Section 1.14. Substitution
of Lenders. In the event (a) the Borrowers receive a
claim from any Lender for compensation under Section 10.3 or 13.1 hereof,
(b) the Borrowers receive a notice from any Lender of any illegality
pursuant to Section 10.1 hereof, (c) any Lender is then a Defaulting
Lender or such Lender is a Subsidiary or Affiliate of a Person who has been
deemed insolvent or becomes the subject of a bankruptcy or insolvency proceeding
or a receiver or conservator has been appointed for any such Person, or
(d) a Lender fails to consent to an amendment or waiver requested under
Section 13.13 hereof at a time when the Required Lenders have approved such
amendment or waiver (any such Lender referred to in clause (a), (b), (c) or
(d) above being hereinafter referred to as an “Affected Lender”), the
Borrowers may, in addition to any other rights the Borrowers may have hereunder
or under applicable law, require, at the Borrowers’ expense, any such Affected
Lender to assign, at par plus accrued interest and fees, without recourse, all
of its interest, rights, and obligations hereunder (including all of its
Commitments and the Loans and participation interests in Letters of Credit and
other amounts at any time owing to it hereunder and the other Loan Documents) to
an Eligible Assignee, provided that (i) such
assignment shall not conflict with or violate any law, rule or regulation or
order of any court or other governmental authority, (ii) the Borrowers
shall have received the written consent of the Administrative Agent, which
consent shall not be unreasonably withheld, to such assignment, (iii) the
Borrowers shall have paid to the Affected Lender all monies (together with
amounts due such Affected Lender under Section 1.12 hereof as if the Loans
owing to it were prepaid rather than assigned except if such Lender is being
replaced pursuant to clause (c) above) other than such principal owing to it
hereunder, and (iv) the assignment is entered into in accordance with the
other requirements of Section 13.12 hereof (provided any assignment fees
and reimbursable expenses due thereunder shall be paid by the Borrower).
Section 1.15. Appointment
of the Company as Agent for Borrowers. Each Borrower hereby
irrevocably appoints the Company as its agent hereunder to make requests on such
Borrower’s behalf under Section 1 hereof for Borrowings, to request on such
Borrower’s behalf Letters of Credit and to execute all Applications therefor,
and to take any other action contemplated by the Loan Documents with respect to
the credit extended hereunder to such Borrower. The Administrative
Agent and the Lenders shall be entitled to conclusively presume that any action
by the Company under the Loan Documents is taken on behalf of all of the
Borrowers whether or not the Company so indicates.

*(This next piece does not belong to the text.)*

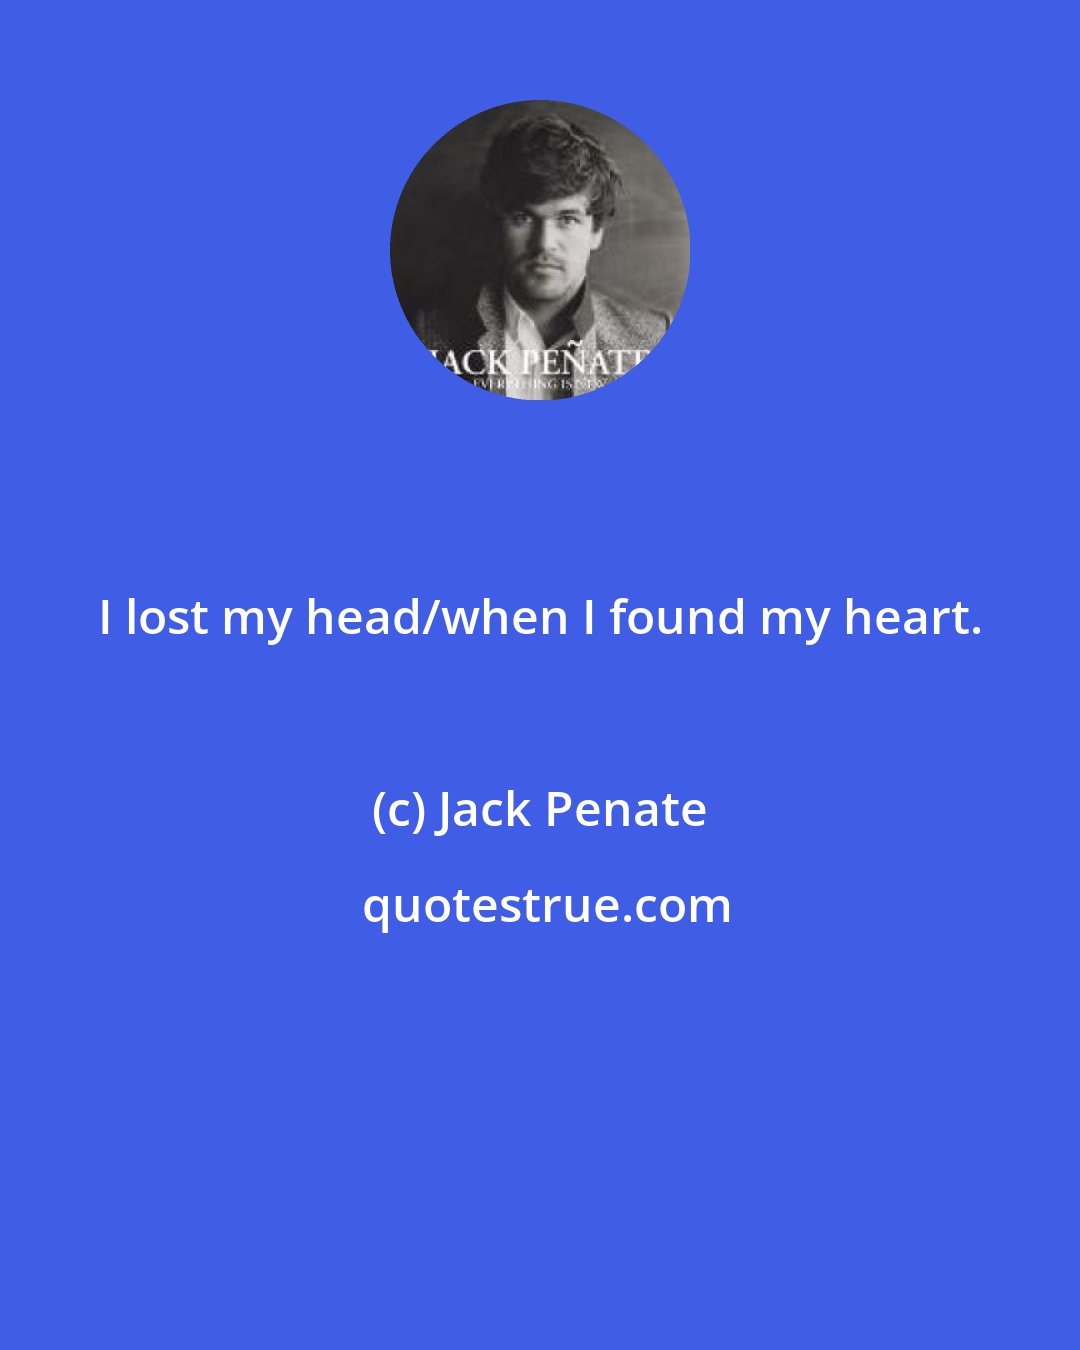 Jack Penate: I lost my head/when I found my heart.

Section 1.16. Swing Loans (a) Generally. Subject
to the terms and conditions hereof, as part of the Revolving Credit, the Swing
Line Lender may, in its discretion, make loans in U.S. Dollars to the
Borrowers, or any of them, under the Swing Line (individually a “Swing Loan” and collectively
the “Swing Loans”)
which shall not in the aggregate at any time outstanding exceed the Swing Line
Sublimit. Swing Loans may be availed by the Borrowers from time to
time and borrowings thereunder may be repaid and used again during the period
ending on the Revolving Credit Termination Date; provided, that each Swing
Loan must be repaid on the last day of the Interest Period applicable
thereto. Each Swing Loan shall be in a minimum amount of $250,000 or
such greater amount which is an integral multiple of
$50,000.
(b) Interest on Swing
Loans. Each Swing Loan shall bear interest until maturity
(whether by acceleration or otherwise) at a rate per annum equal to (i) the
sum of the Base Rate plus the Applicable Margin for Base Rate Loans as from time
to time in effect (computed on the basis of a year of 365 or 366 days, as the
case may be, for the actual number of days elapsed) or (ii) the Swing Line
Lender’s Quoted Rate (computed on the basis of a year of 360 days for the
actual number of days elapsed). Interest on each Swing Loan shall be
due and payable on the last day of its Interest Period and at maturity (whether
by acceleration or otherwise).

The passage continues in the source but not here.